The majority of people are unable to afford this treatment and the government support doesn’t cover all expenses. Some people receive free-of-charge treatments paid by the funds this hospital receives. We have a hospital that doesn’t turn back any patient because of their financial situation. So the available funds are what defines our capabilities to operate on patients.
We see on daily basis patients who are unable to afford simple and routine check-ups and tests. Therefore, we transfer them to the social affairs department where they can receive the necessary support if the funds were available. Therefore, funds are essential for our services to continue and reach the whole community.
What are some of the most critical challenges as far as vision impairment is concerned?
Vision problems that require corrective glasses are the most dominant problems, especially among children, while diabetic retinopathy and cataract are the main problems for the elderly. These are the most common cases in the hospital; they account for 80% to 90% of the patients I see every day.
Humanitarian stories are abundant because we deal with the greatest gift a human can have; the gift of vision. The most touching stories I encounter are during the outreach programme, when I visit villages and see difficult cases among older people who are neglected and marginalised. If it weren’t for our visits, they wouldn’t have heard about their own health issues. Once I examined a young child who had retinal detachment. It seemed that she had had it for a while and nobody had noticed. It was painful for me to know that such a young child in the beginning of her life will lose her vision.

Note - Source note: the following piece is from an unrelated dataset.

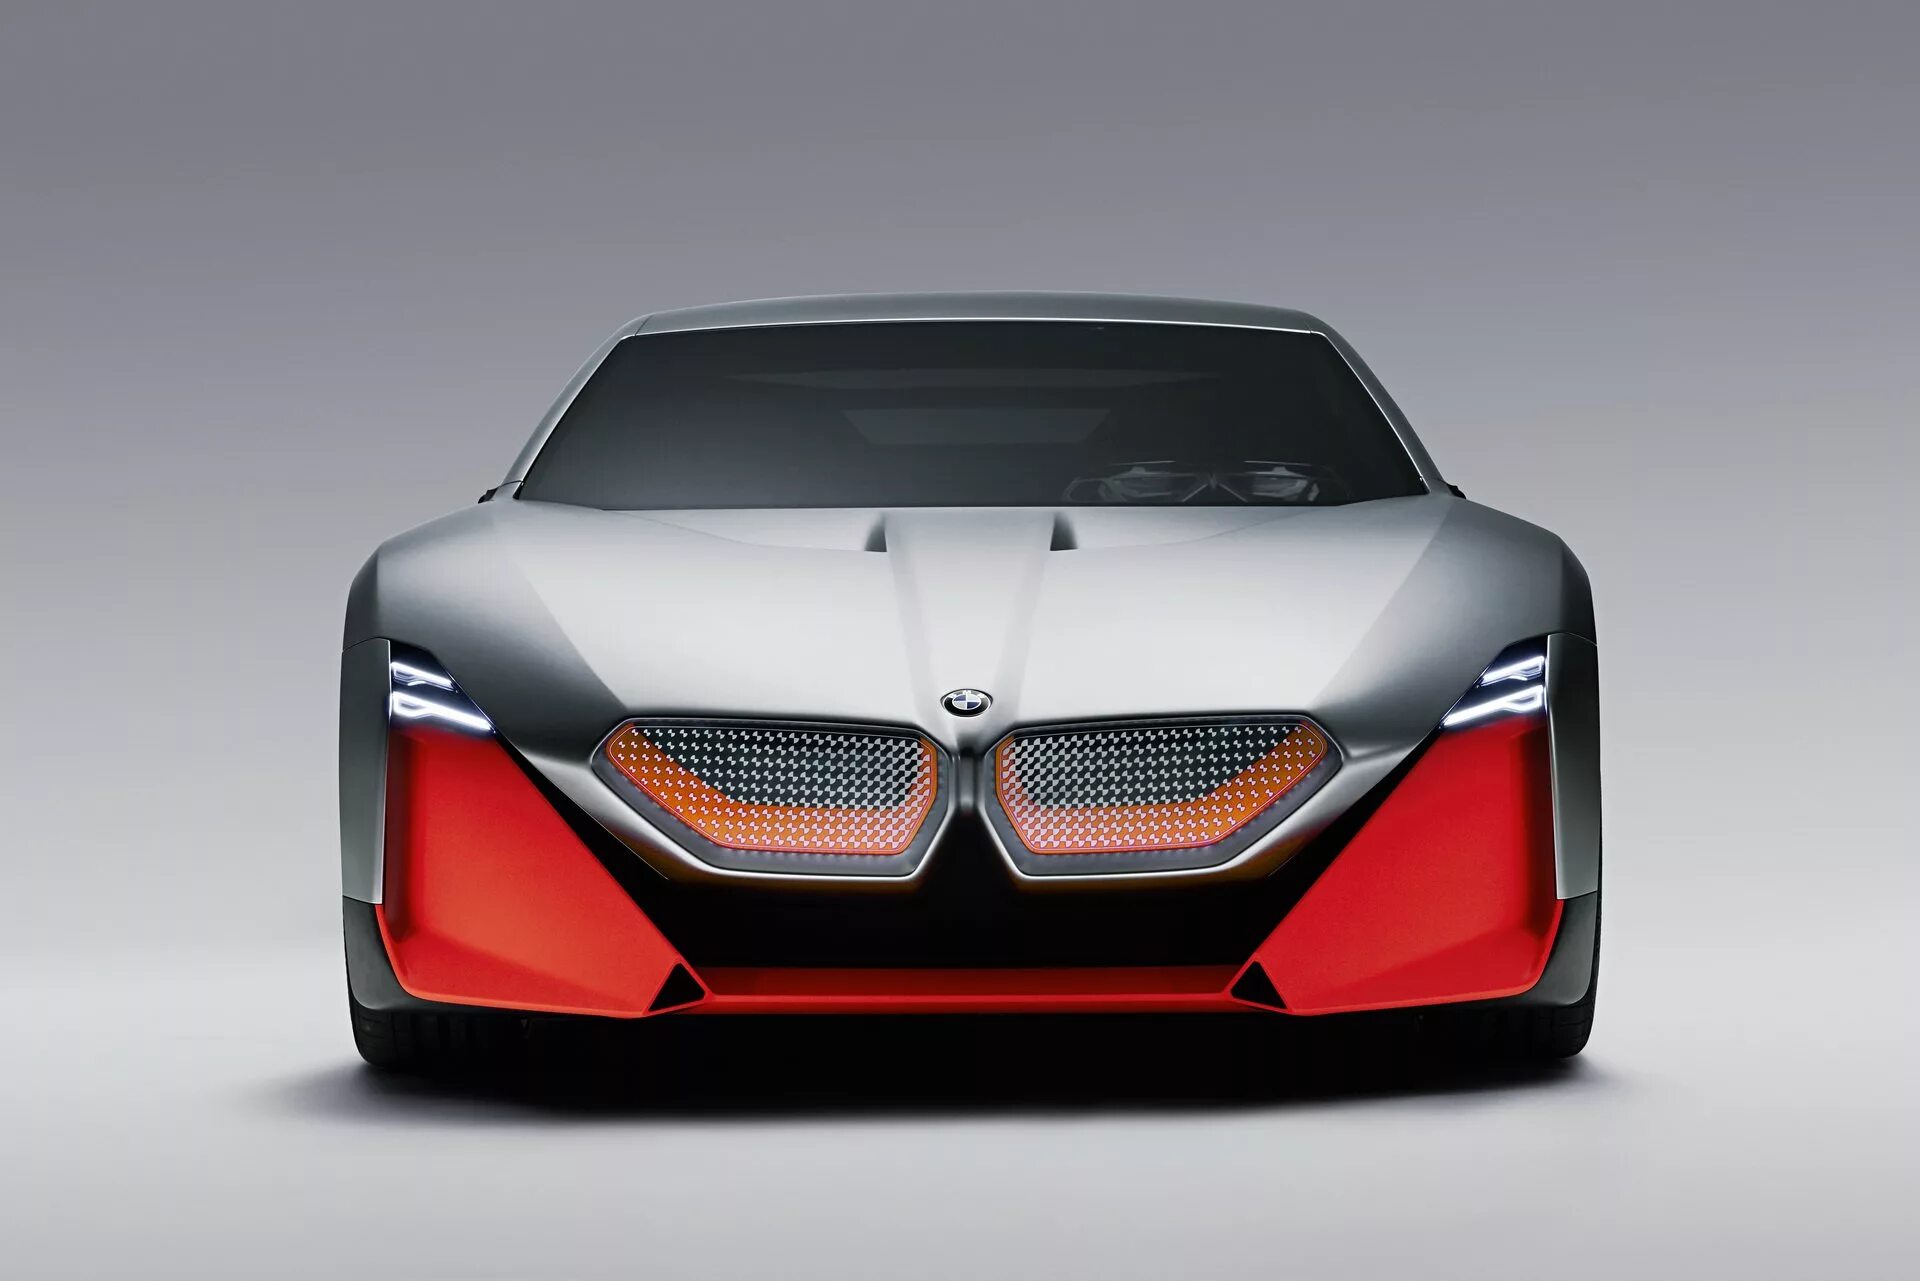 M concept sport. BMW Vision m. BMW Vision m next. BMW Vision m next 2020. BMW m1 Concept 2020.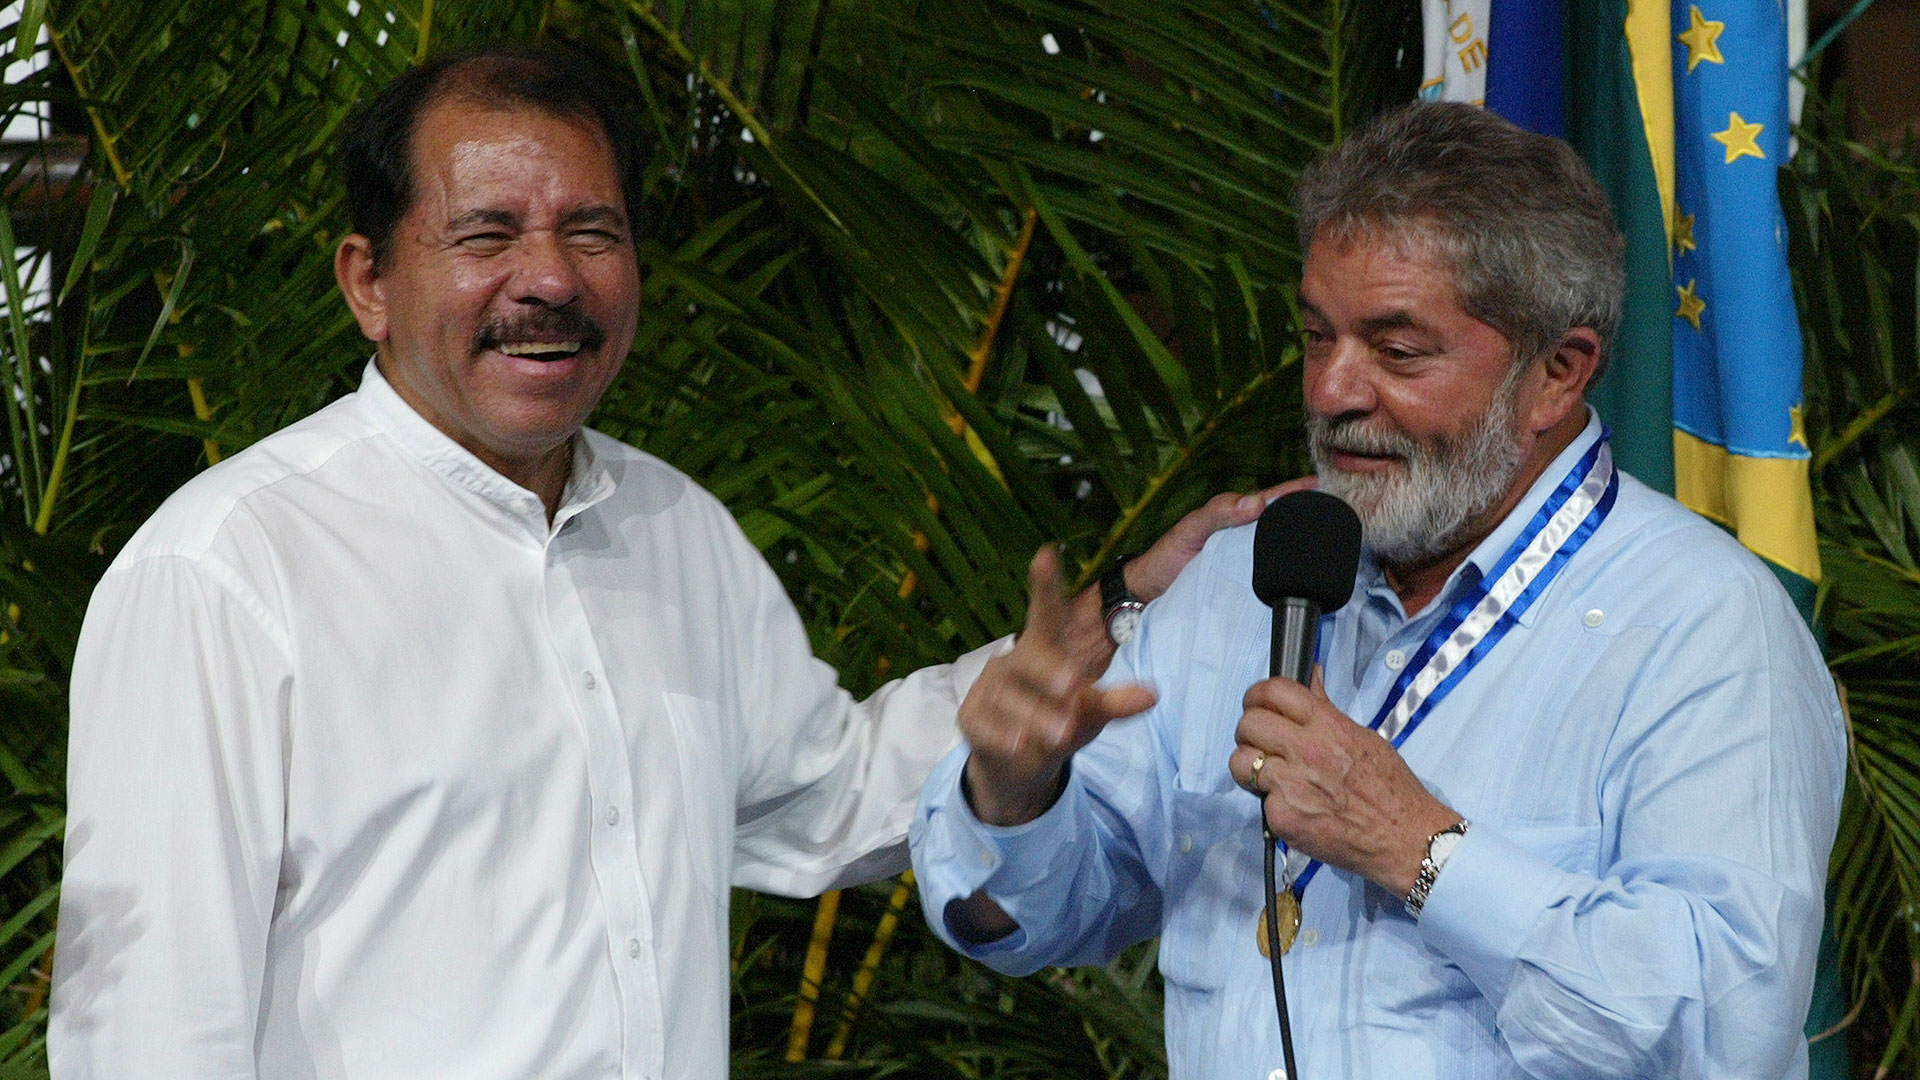 El dictador nicaraguense Daniel Ortega junto al presidente de Brasil, Lula Da Silva, durante la primera etapa en la que Lula presidió su país. (Reuters)

Hereditary retinal diseases are very upsetting as well. They are very common here due to consanguineous marriages that still exist and make these diseases so common. We have a weekly clinic for these patients, although there is no clear and real treatment for this disease yet. Most of the patients are completely blind. This pushes us to support them and follow up on them regularly. It encourages us to pursue a cure for this disease.
Any last words?
I would like to thank them for giving me an opportunity to learn and I call upon them to keep giving. Our society needs trained people who can perform major surgeries in order to improve our healthcare services. So I call upon them to continue to support this programme, so we, as doctors, can have a chance to pursue sub-specialties beyond the regular ophthalmology. The current global trend is to pursue sub-specialties that are very rare here in Palestine. I would like to go on with my education journey, specifically to pursue a sub-specialisation that takes a year or two to completed following my fellowship programme. There won’t be any financial burden compared to the result. The services that I could be able to provide to people would be priceless. I hope they continue their support after the fellowship programme at the hospital.
This interview has been lightly edited for clarity.